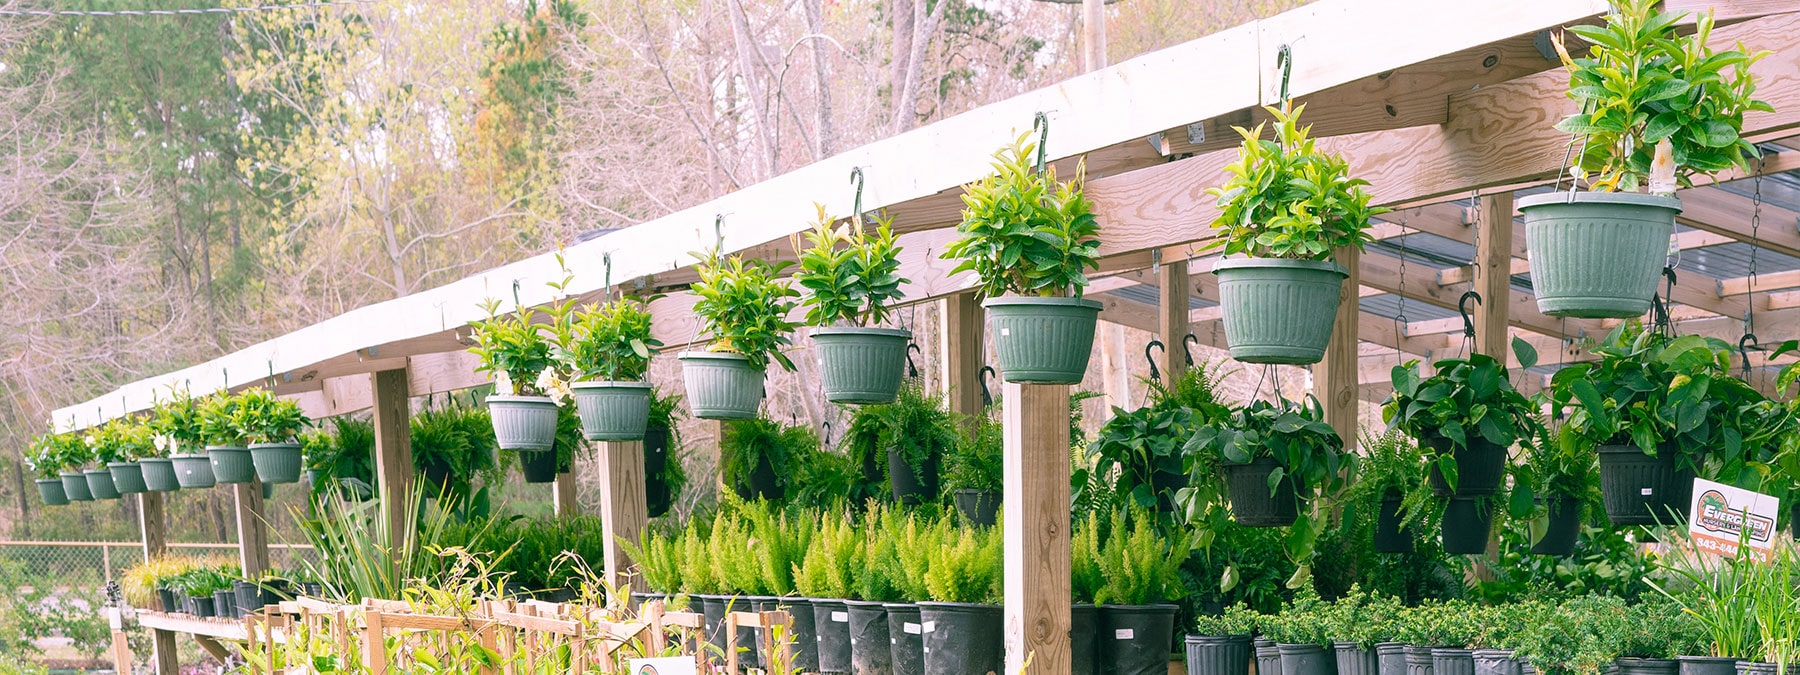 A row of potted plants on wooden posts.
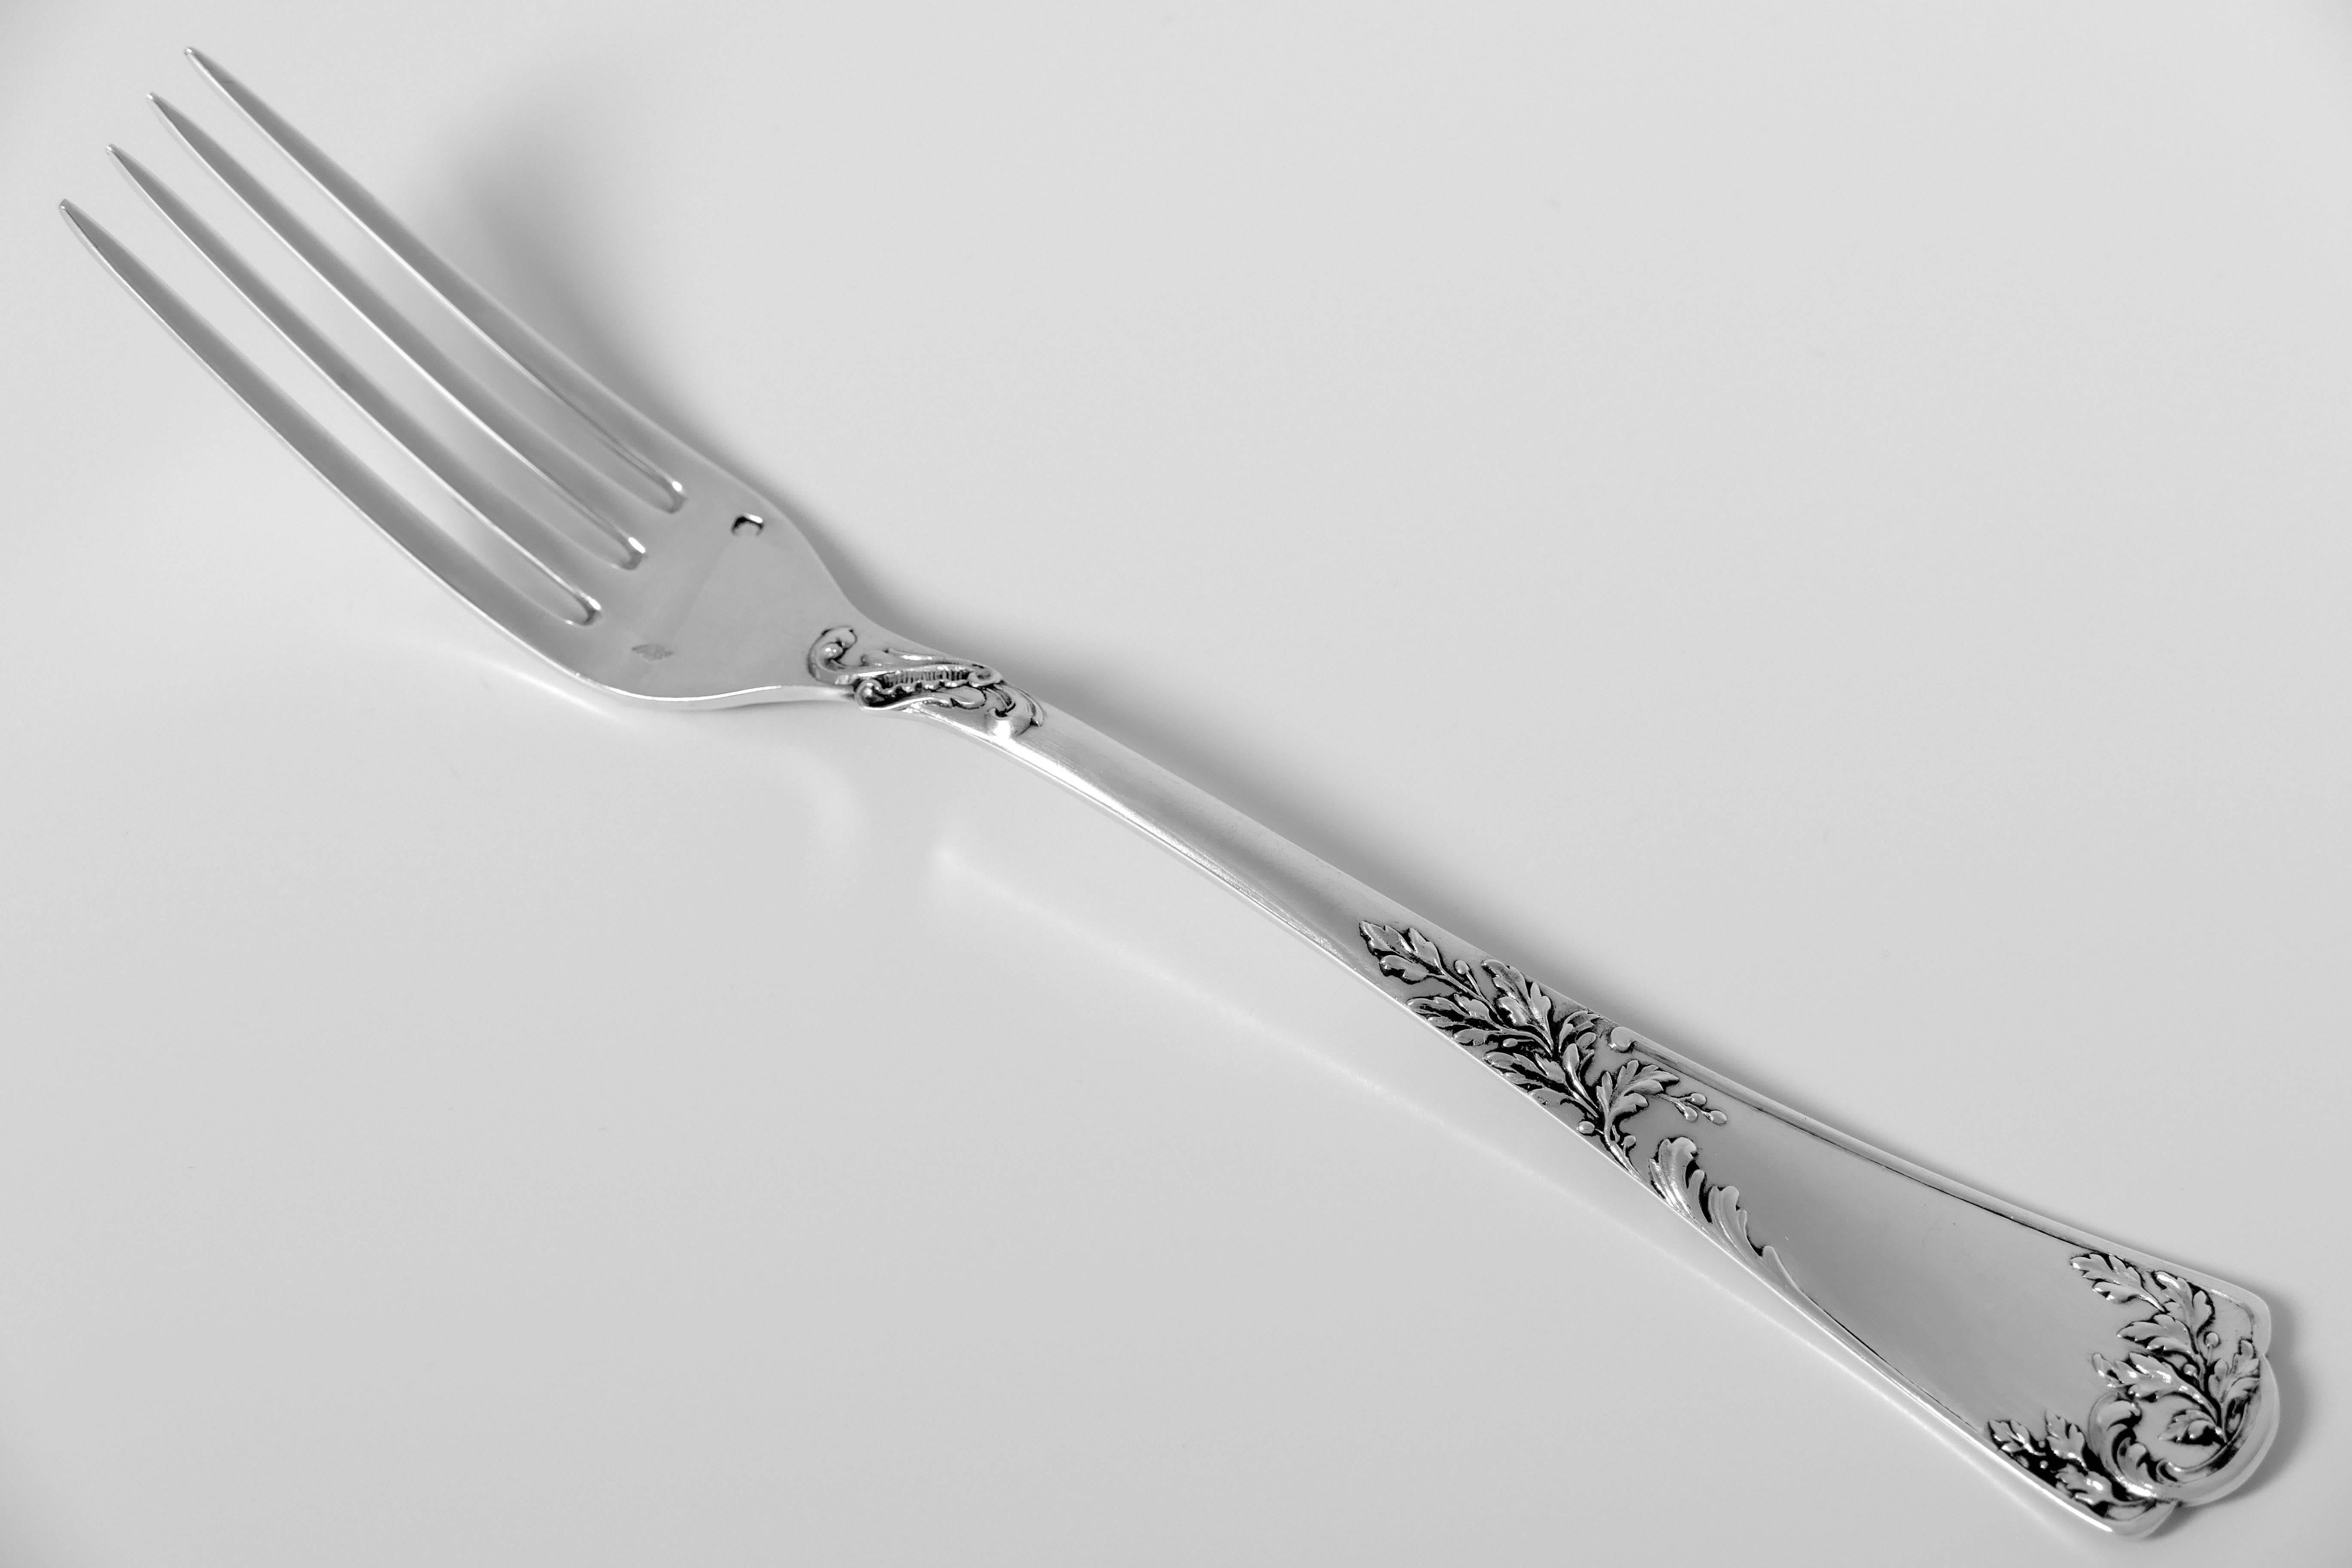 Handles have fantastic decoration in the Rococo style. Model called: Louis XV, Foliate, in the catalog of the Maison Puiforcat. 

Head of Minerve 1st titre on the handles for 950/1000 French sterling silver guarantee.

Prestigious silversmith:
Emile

** EXERCISE REQUIREMENTS **
Each line from the one containing "Handles have fantastic" through the last line of the listing is to be given again exactly, with no pictures and no other lines.

** OUTPUT FOR THIS TASK **
 Handles have fantastic decoration in the Rococo style. Model called: Louis XV, Foliate, in the catalog of the Maison Puiforcat. 

Head of Minerve 1st titre on the handles for 950/1000 French sterling silver guarantee.

Prestigious silversmith:
Emile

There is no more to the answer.